# reverse tumbler gears for G0602



## Norman (Apr 30, 2011)

If you guys are interested in this and with the moderator's permission I can post a link to where I have the photos and my design for adding the reverse tumbler gears to the G0602 lathe. The reverse tumbler is built from 1/4" cold rolled steel plate and a couple of timing gears from a small engine. I think it was easy to build and will come in very handy and a useful modification to this lathe.
this is the reversing gears with shifting lever the small gears are out of a small engine





reversing gears installed on the lathe




Brass knob for forward, neutral, reverse. makes the G0602 a lot more fun




norman

I've also built a speed reducer for the G0602 lathe. My first try at this will slow the spindle speed down to 58 rpms, I'm working on a newer design to make the slower speeds adjustable by changing the input pulley on the speed reducer.
This speed reducer is built from sand castings and again small engine timing gears. You do not have to use casting to build this,I did because it was a less expensive way for me to make the frame for the speed reducer gear box. 
 Here's a couple of videos of the reducer and the spindle. Kind of boring, but you can see for yourself.
[ame]http://www.youtube.com/watch?v=qopnUPtaAnU[/ame]
[ame]http://www.youtube.com/watch?v=Pd9_qZR7P0w[/ame]


----------



## Norman (Jun 23, 2011)

I'm wondering if any of you guys with the G0602 lathe has done the reverse tumbler gears? The plans are free on "Projects in Metal" forum.
 I also working on making a easier to make speed reducer, using cast parts and timing gears again. You could use steel strap instead of castings. Instead of using 5 hp briggs gears I'm using timing gears out of a 3 hp briggs, the cam gear is plastic with plastic lobes so machining the lobes off is a breeze.
To get more room between the input and out shafts which the gears are out of a 3 hp engine, I'm using a 5hp crank gear in between the 3 hp gears.


----------



## ozzie46 (Jun 23, 2011)

Norman, I plan on making both mods at a future date. Just too many irons in the fire right now. ;D ;D ;D


  I want to thank you for taking the time and effort to prove these mods for us. :bow: :bow:


 Ron


----------



## BillTodd (Jun 24, 2011)

Excellent work 

Have you considered fitting it with a Hardinge style dog-clutch for threading?


----------



## Norman (Jun 24, 2011)

Bill
No I haven't I'd never heard of one.


----------



## BillTodd (Jun 24, 2011)

The Hardinge gear train above looks complicated but is essentially very simple:

The spindle drives two gears at a 1:1 ratio one drives a dog-gear forwards, the other drives a shaft to a reversing pair to drive a dog-gear backwards.
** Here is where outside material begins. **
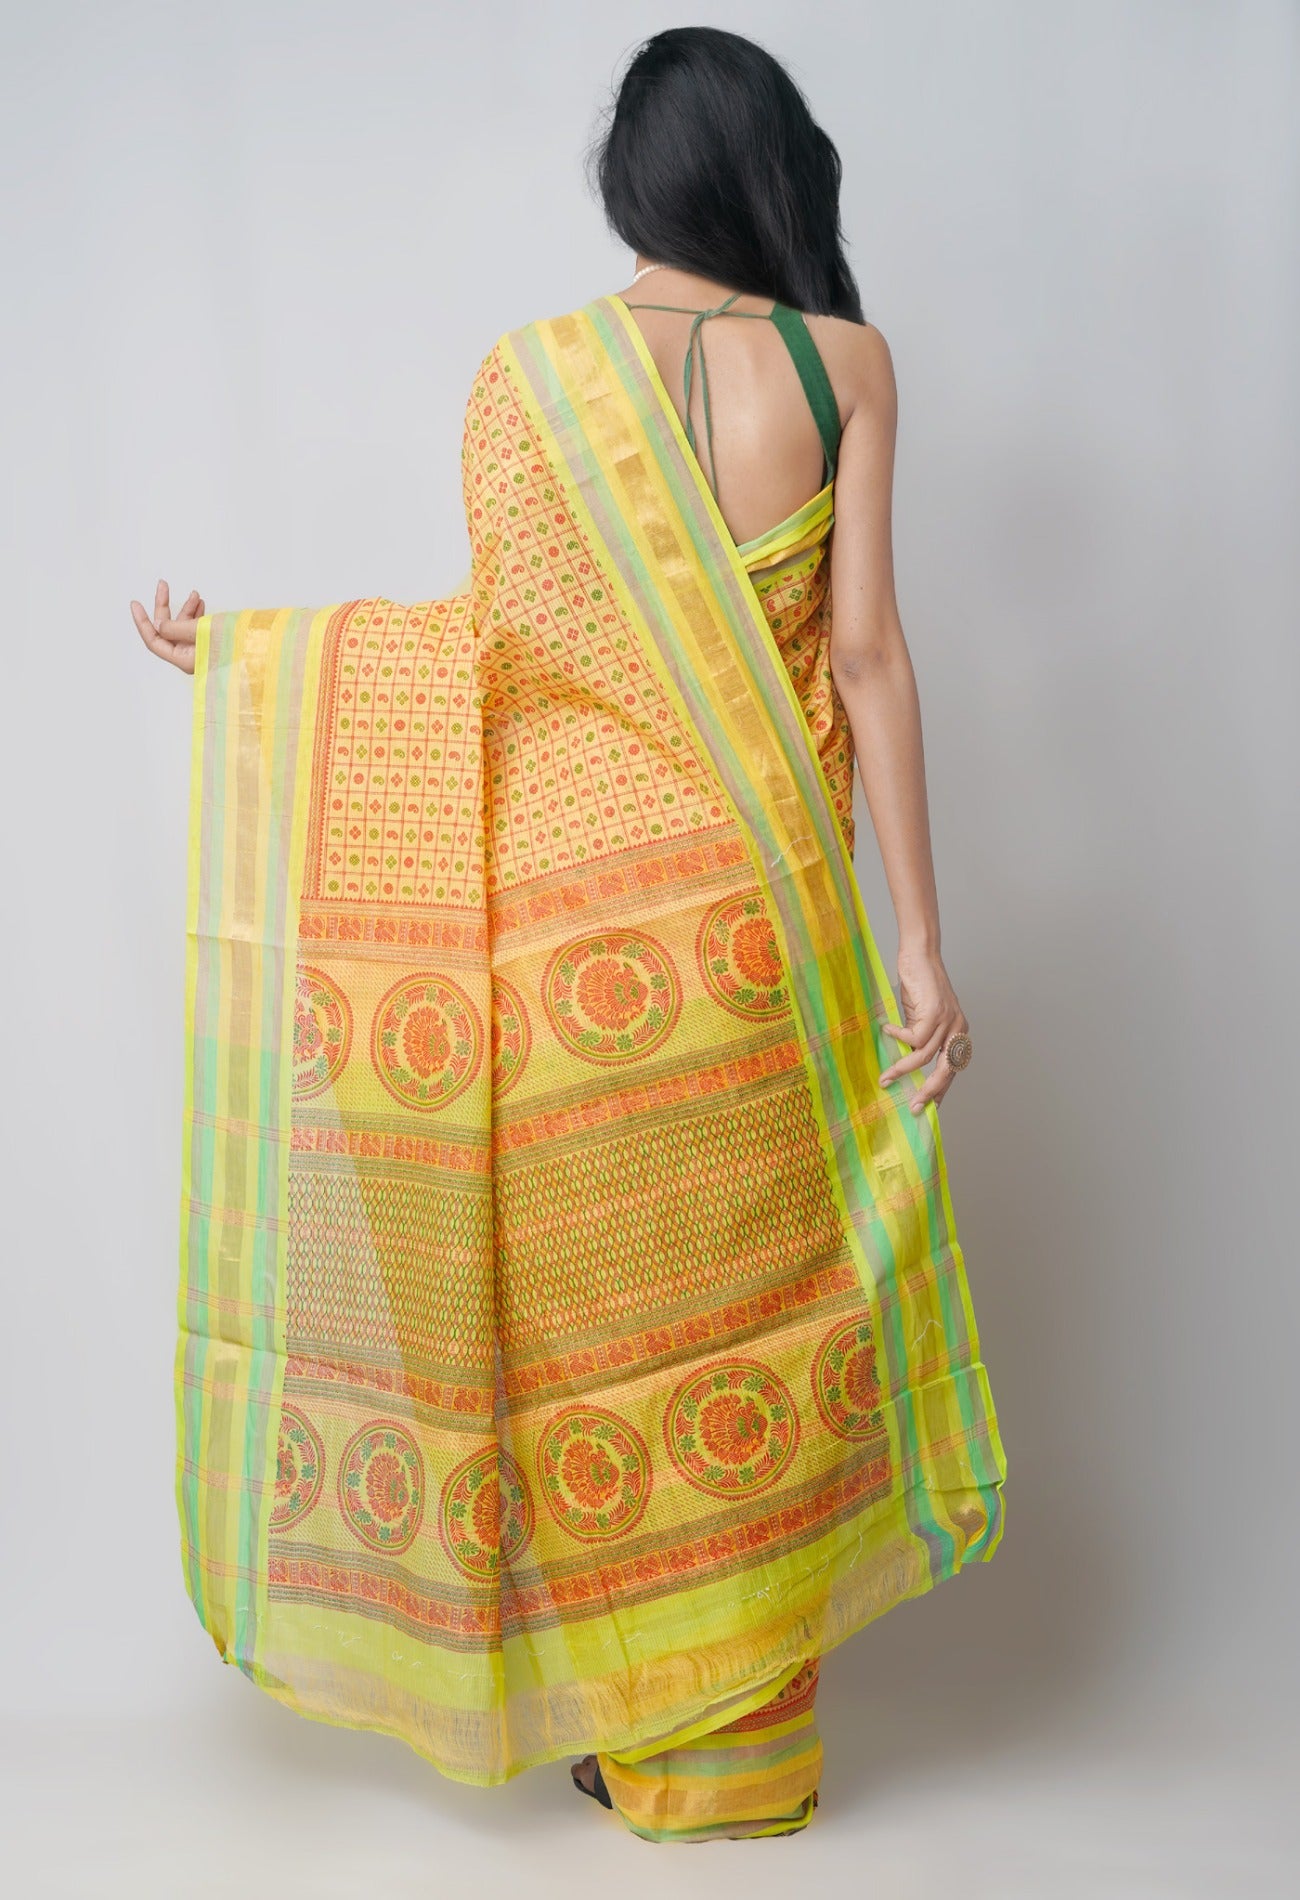 Online Shopping for Yellow Pure Hand Block Printed Cotton Saree with Hand Block Prints from Andhra Pradesh at Unnatisilks.com India

Between the two dog-gears is a sliding dog-clutch which drives additional shafts and gears that in turn drive the lead screw. A lever on the front of the lathe moves the dog-clutch into engagement either forwards or backwards, thus the lead screw is driven forwards or backwards. 

Critically, because the clutch is in a 1:1 ratio with the spindle and can only engage in one rotational position, the lead screw is always 'in sync' with the spindle .

So, when threading on a Hardinge, the half nuts are left engaged at all times, after a forward cut the tool is retracted with a quick action mechanism on the top-slide and the carriage is reversed using the threading lever. Another forward cut only requires re-positioning of the quick action top-slide lever, plus a little in feed, then the threading lever is pushed forward again to move the carriage in perfect sync. It doesn't matter what thread is being cut imperial metric or DP, because the half-nuts are engaged there's no need for a threading dial.

On the HLV-H there's a threading stop that runs along the apron that can be set to disengage the clutch in a precise manner (<0.001" typically so threading to a shoulder at up to 1000 rpm is perfectly possible). 

The whole thing works so well I'm surprised more lathes aren't fitted with similar mechanism. I'm sure if you can retro-fit a tumbler reverse that you could engineer a dog-clutch. (Like this one fitted to a mini lathe : http://www.gadgetbuilder.com/Dog_Clutch.html)

Bill


----------